On September 23, Neon’s Moonage Daydream will open at AFS Cinema. Featuring never-before-seen footage and performances, filmmaker Brett Morgen explores David Bowie’s creative, spiritual, and musical journey. This screening will be presented alongside a gallery of exclusive original photo prints of the icon from Modern Rocks Gallery in the AFS lobby and a live DJ Set.
AFS’s monthly series Queer Cinema: Lost and Found returns in September with Chocolate Babies (1986), Stephen Winter’s wild New Queer Cinema classic about a band of radical HIV+ activists of color who take extreme measures to fight governmental inaction, paired with Barbara Hammer’s short film Snow Job: The Media Hysteria of AIDS (1986). The October selection is Vampyros Lesbos (1971), Jesús Franco’s surrealist lesbian vampire classic about a mysterious countess who seeks more than blood from her visitors.The film will be paired with Curtis Harrington’s 1956 portrait of artist and occultist Marjorie Cameron, The Wormwood Star (1956). Select shows include post-film discussions with series programmer and queer film historian Elizabeth Purchell.

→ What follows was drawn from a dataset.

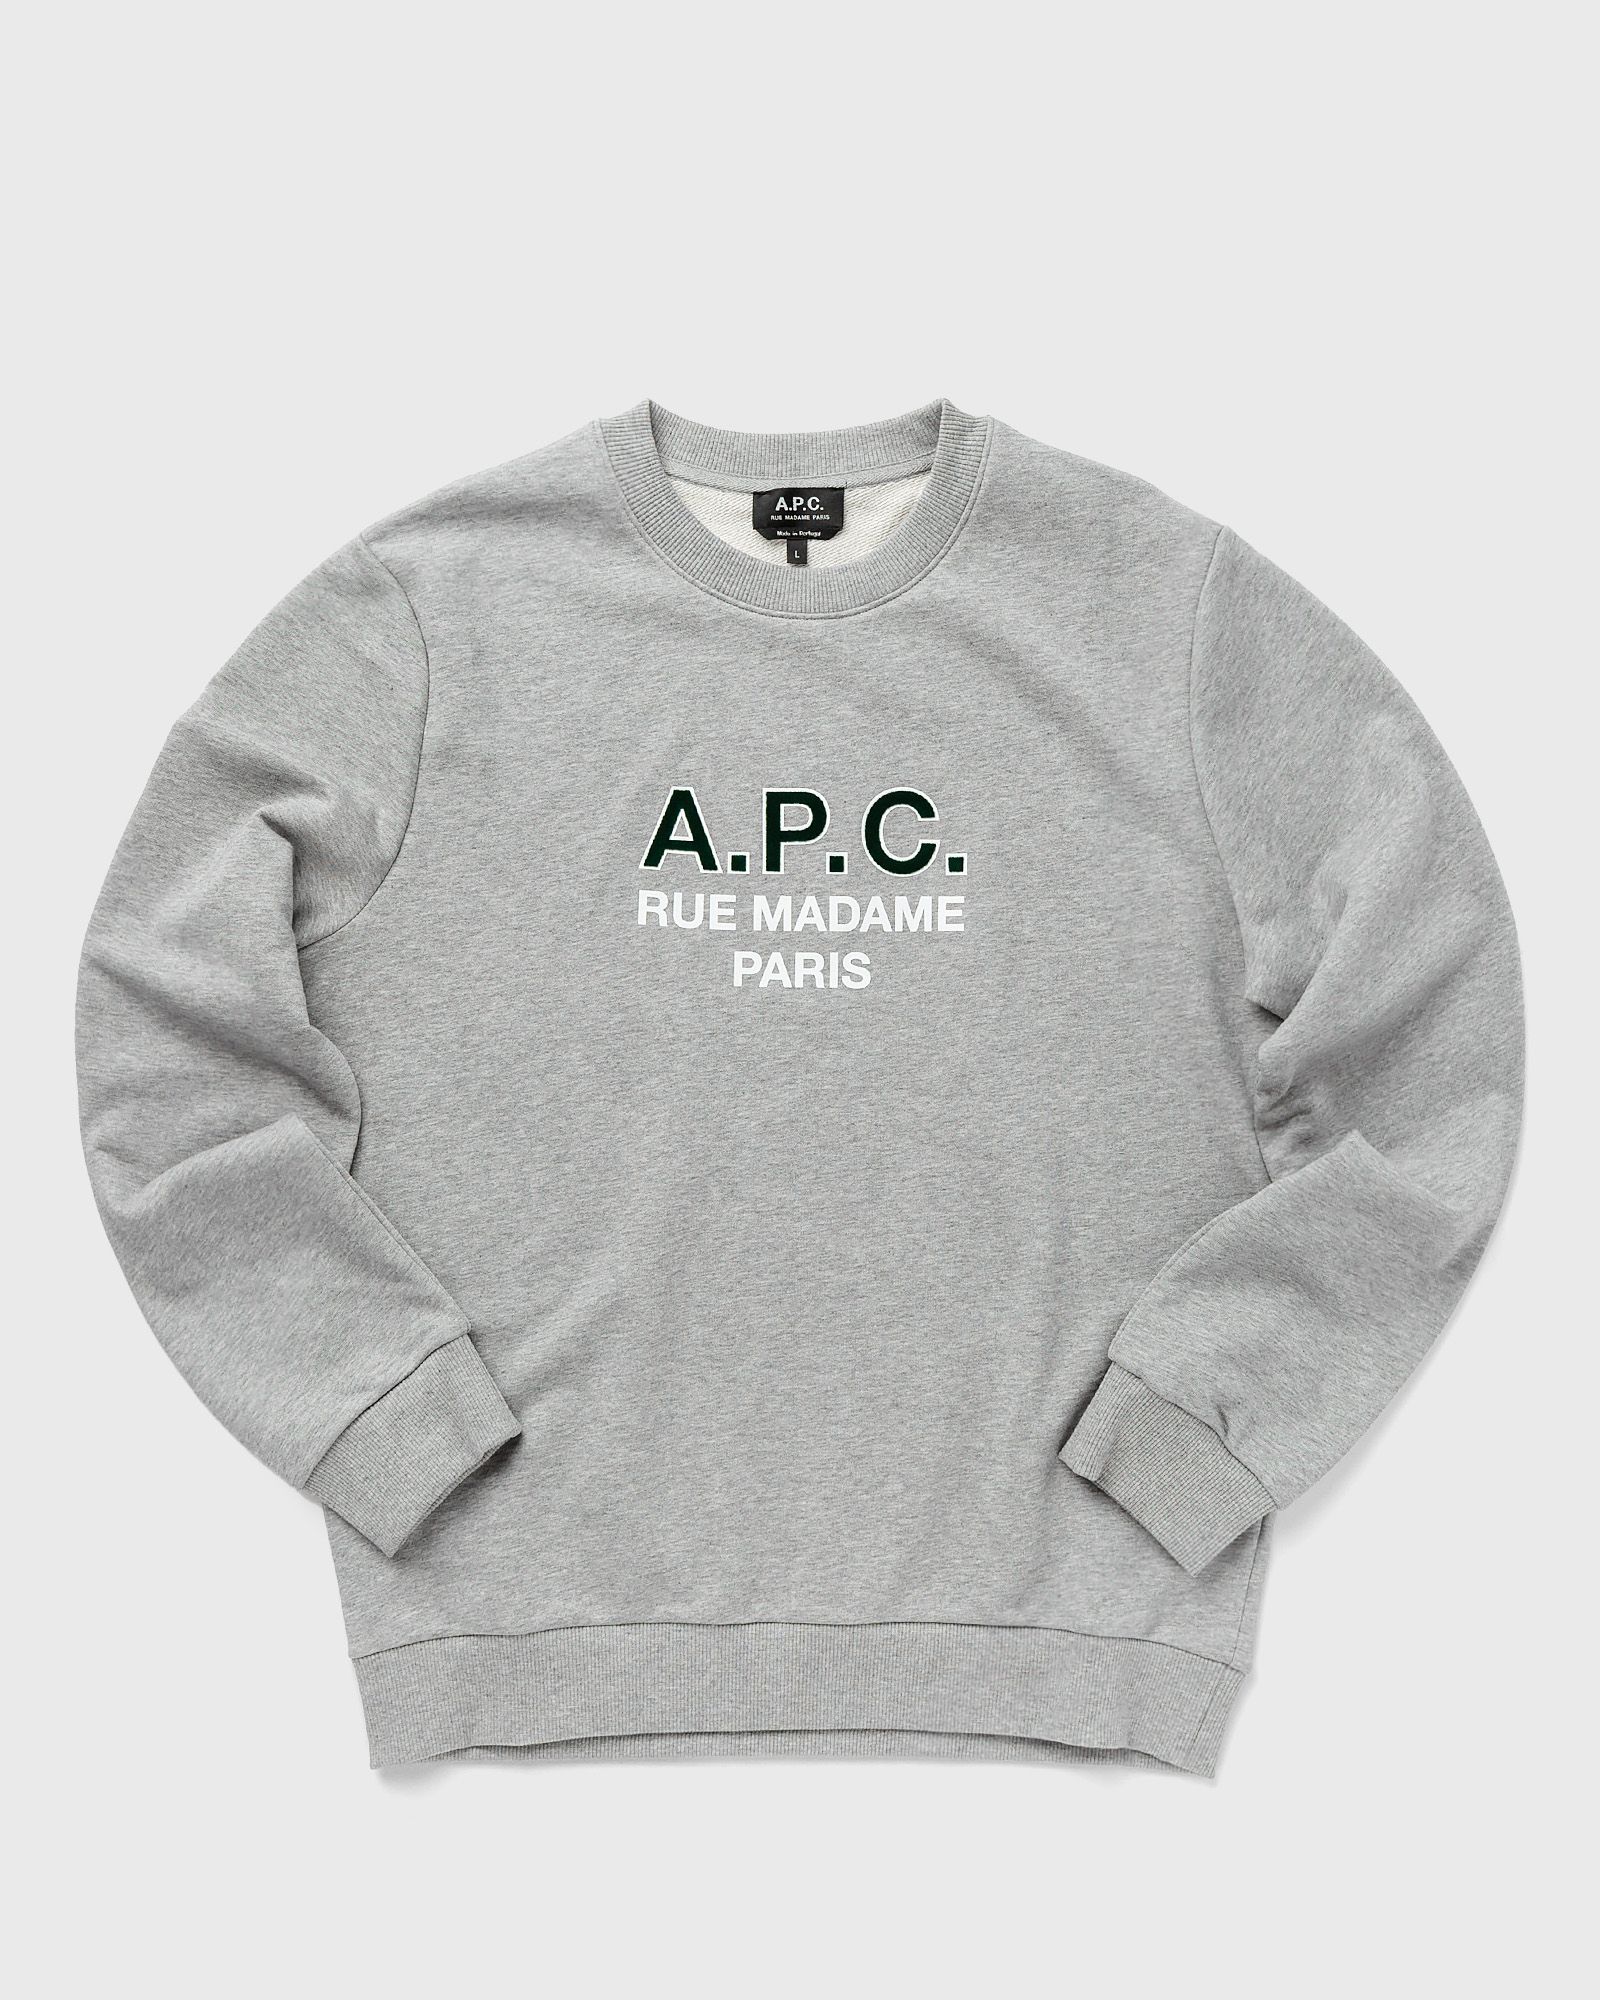 A.P.C. Sweat apc madame h men Sweatshirts grey in Größe:XL von A.P.C.

We are proud to present The Neo-Noir Canon: Part 1, in which we examine some of the films that have built upon the stylistic framework of Film Noir. All of our selections are very different films, with one common thread: they are aware of the Noir conventions and they use our acquaintance with those tropes to take us to new and exciting places, sometimes by subverting our expectations, sometimes by using them. The series includes Experiment in Terror (1962), Point Blank (1967), The Long Goodbye (1973), Chan is Missing (1982), and Devil in a Blue Dress (1995). The first screening of each film in this series will be preceded by an introduction by AFS Lead Film Programmer Lars Nilsen.

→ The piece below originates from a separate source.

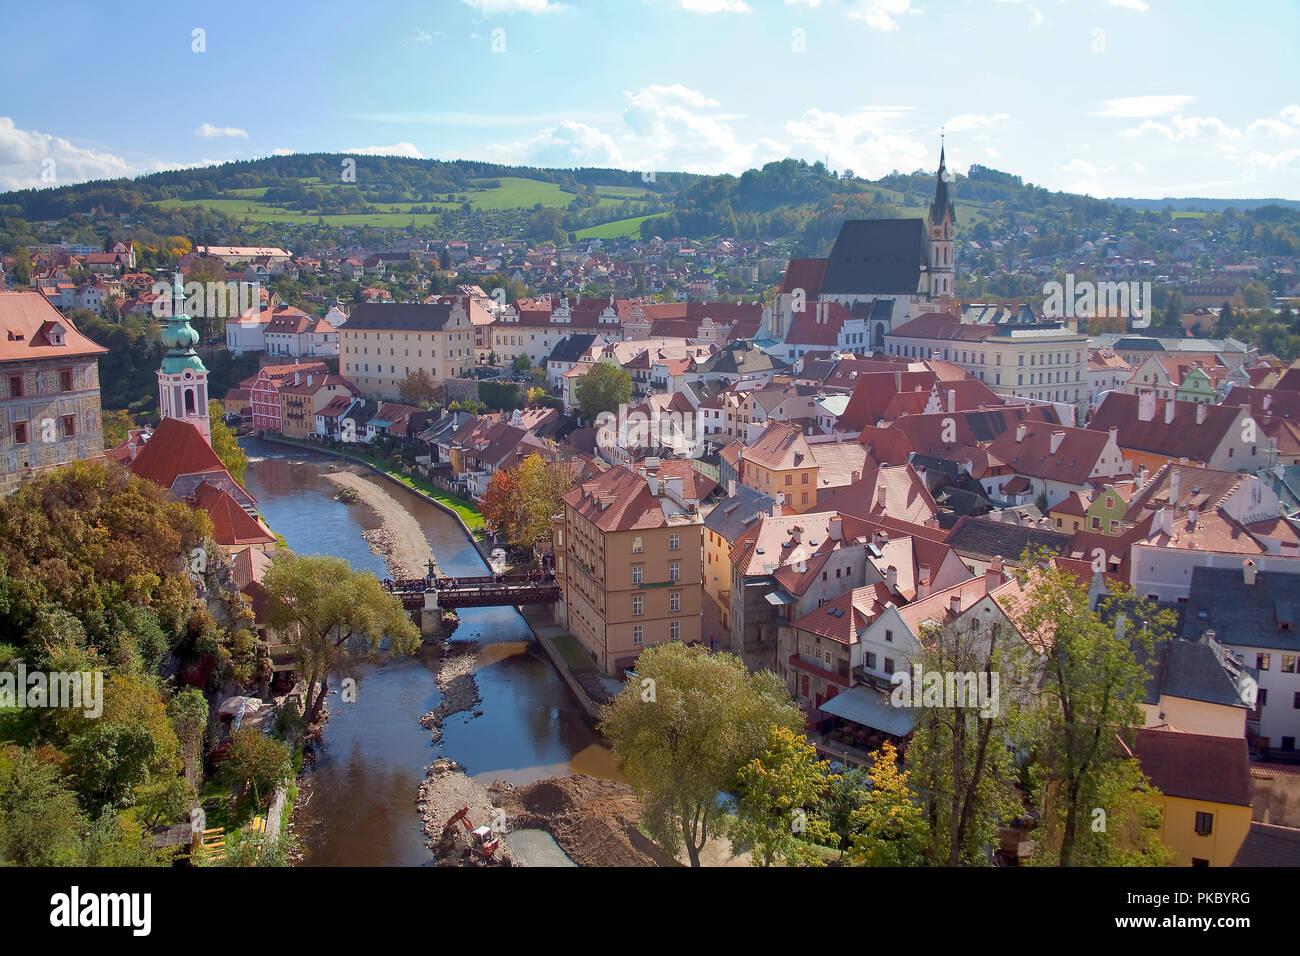 Cityscape of Cesky Krumlov, a world heritage site; Cesky Krumlov, Czech Republic Stock Photo

Our monthly Doc Nights series features My Old School (2022), which tells the story of Brandon Lee, a new student who arrives at the Bearsden Academy near Glasgow in 1993, but is hiding a secret that would go on to shock the world. Telling this scandalously true story is this equally deceptive and spellbinding documentary starring Alan Cumming, who had tried to make a narrative feature about this true story for years. In addition, we present Loving Highsmith (2022). Patricia Highsmith, acclaimed author of works such as Strangers on a Train and The Talented Mr. Ripley, lived a private life away from the spotlight, until now. For the first time, Highsmith’s diaries are narrated in this documentary which uses a combination of archival footage, dramatizations, and interviews to tell the deeply complicated story of the iconic queer writer’s romantic life in a time of secretiveness and shame.
On October 31, Halloween, AFS presents a hair-raising iteration of our ongoing series—History of Television Halloween Special. Join us for Six Full Hours of Made For Television Horror Movies and episodes from the ’70s and ’80s. Guaranteed to amuse, with all the ghosts, Frankensteins, and Draculas you can handle. Maybe more! This one will take place in the theater and will also be simulcast live on Austin Public and YouTube. Free admission.
The full September/October lineup continues below, and a complete list of all film screenings announced to date and special events are on our website at www.austinfilm.org. Ticket prices range from $11 to $13.50, with discounts for AFS members. Special pricing is noted if applicable.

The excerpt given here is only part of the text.